Régi par une convention, le fonds est doté annuellement sur le principe de la parité. Le FRAM étudie les demandes de subventions émanant des musées de France, territoriaux, d’association et de fondation sur avis favorable préalable de la commission scientifique régionale d’acquisition des musées de France. Il propose l’attribution d’une subvention, pour achever le plan de financement d’une acquisition sans laquelle le musée, sa tutelle, ne pourrait réaliser l’achat. L’acquisition d’œuvre(s) ou d’objet(s) doit être en adéquation avec la politique d’enrichissement des collections définie dans le projet scientifique et culturel du musée.
L’organisation matérielle et le secrétariat du FRAM sont assurés par le service des musées de la DRAC. La commission est constituée de 14 membres, nommés par le préfet de région et la présidente du Conseil régional (7 pour l’Etat, 7 pour la Région). Le comité est co-présidé par le DRAC et le directeur de la culture du Conseil régional.

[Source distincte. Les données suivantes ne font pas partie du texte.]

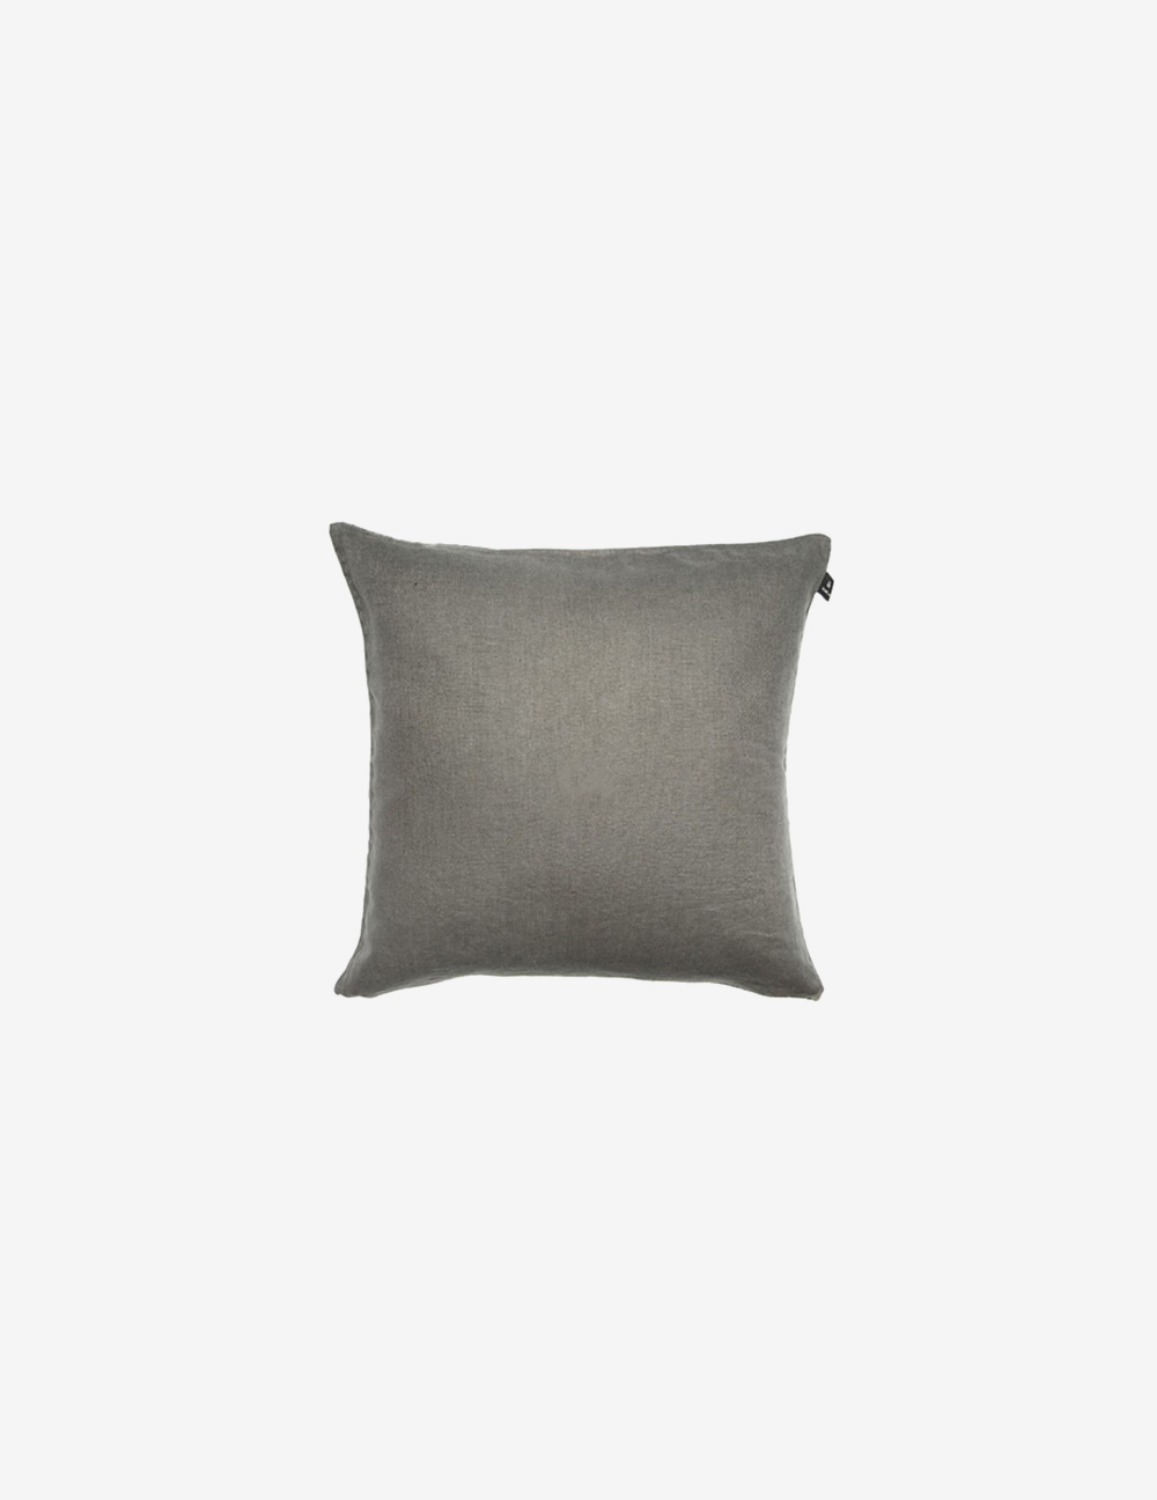 [HIMLA] Sunshine Cushion / Charcoal (50*50)

Il se réunit une fois par an, en séance plénière, au cours de laquelle les conservateurs sont invités à présenter leur(s) projet(s) d’acquisition. Le comité délibère à l’issue des exposés (1 voix par membre). L’avis et le montant de l’aide sont décidés en fin de séance et communiqués ensuite aux conservateurs des musées. Le taux de subvention varie, en fonction de l’importance des projets et du budget annuel d’acquisition du musée ; il se situe entre 15% et 50% du coût d’acquisition.
De nombreux musées ont bénéficié, au cours des vingt dernières années, des aides du FRAM, leur permettant une politique d’enrichissement des collections dynamique, par l’achat d’œuvres majeures ou ensembles remarquables.